Tuesday, June 1, 2010

summer

is just a day shy. i can't believe it.
and whats kicking in?
that lovely summer feeling of loneliness. i wonder why i'm feeling it already.
believe it or not, i'm gonna be a senior. i'm on my way to becoming someone.

at least that's what i'd like to think.

i've been thinking alot lately.(thinking is bad)
since just this past friday actually.
this year's drum major interview did not go as well as last year's.
well, because this year was a giant failure on my part.
i've wasted so much time.

time i could be using to become a better person, wasted. with what, i don't know.
leaving that brutal interview with a rubbery taste in my mouth, i realized how much of a failure i am. hell, i don't even think i'm gonna get drum major next year, when last year i was so gung ho about it.

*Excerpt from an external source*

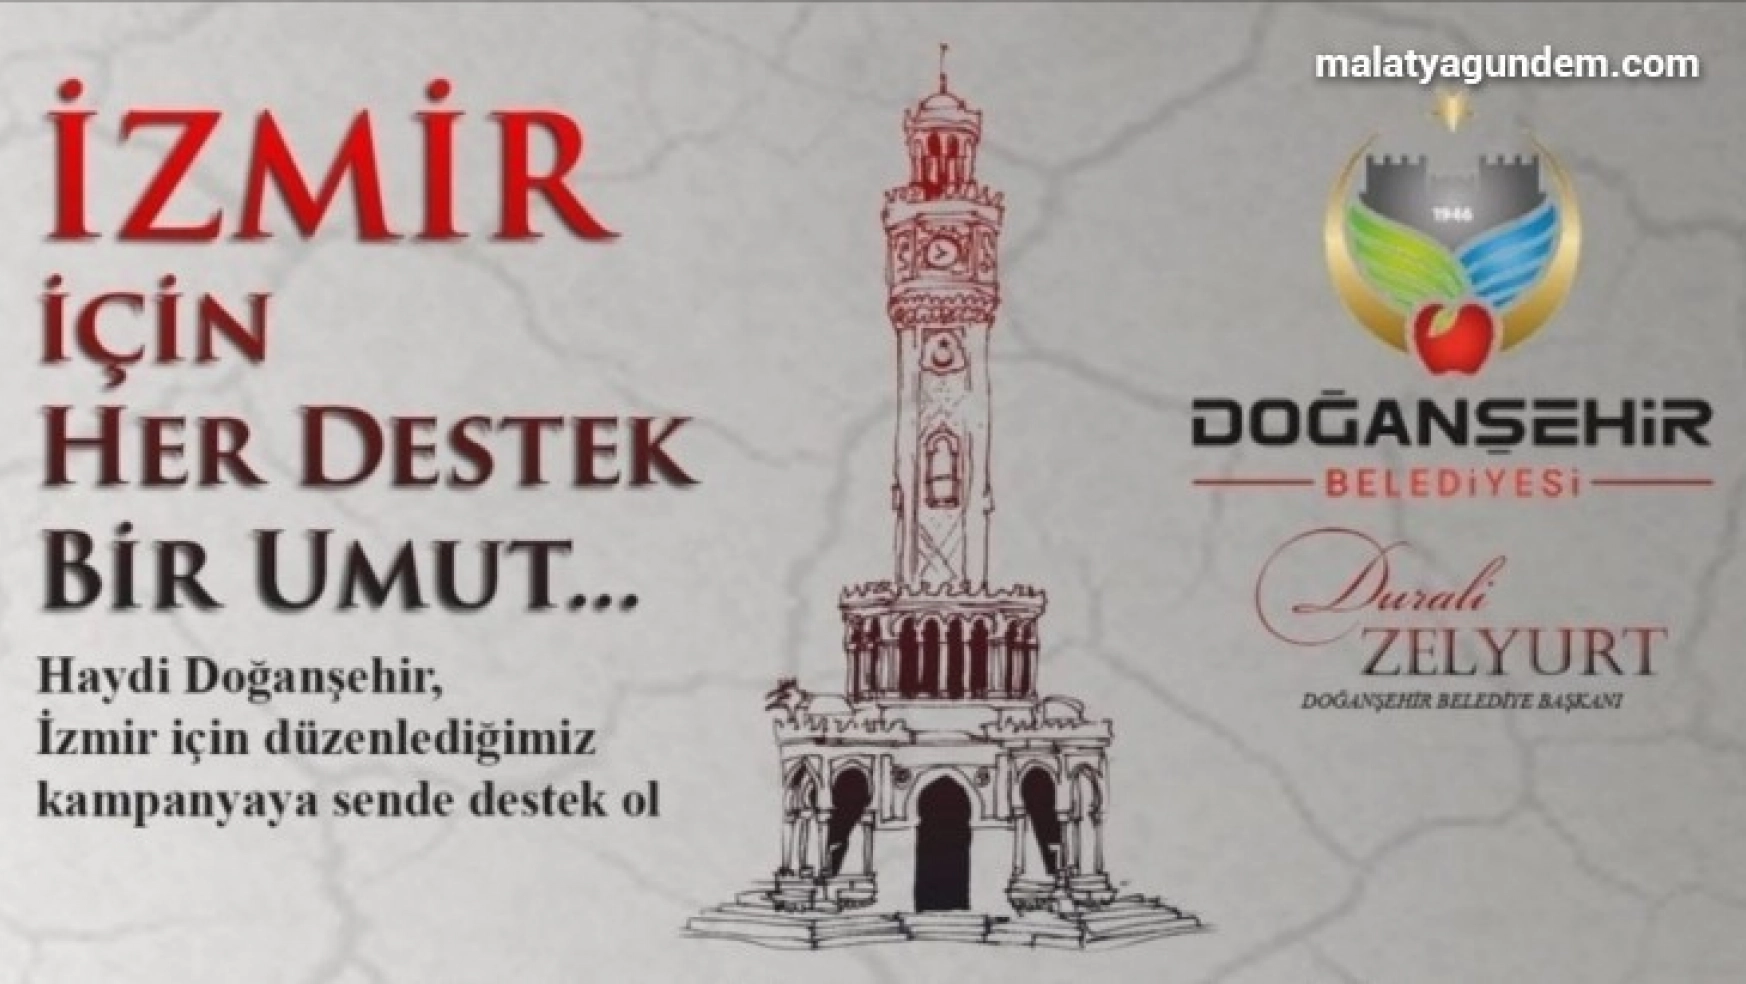 Doğanşehir'de 'İzmir İçin Her Destek Bir Umut' kampanyası

i hate the feeling like you're doing everything wrong.
and that's how i've felt all my life.
when i think of it, i learned how to play piano wrong.
i learned how to play trumpet wrong.
when i tried doing things as a drum major, i was wrong.
wrong, wrong, wrong.

and when i feel like i'm doing something right,i am wrong.
i couldn't play the moonlight sonata worth shit.
and half of the songs i've attempted to learn i've given up on.

what the hell kind of person am i?

i'm so ready to get out of highschool.

but before then, i'm gonna set some summer goals. these goals are to be done by the end of summer.

-read at least 3 books casually.
-learn a sonata.
-play the trumpet in the center of your mouth.

i'll start there.
i need a haircut.

well i guess precalc wont study itsself.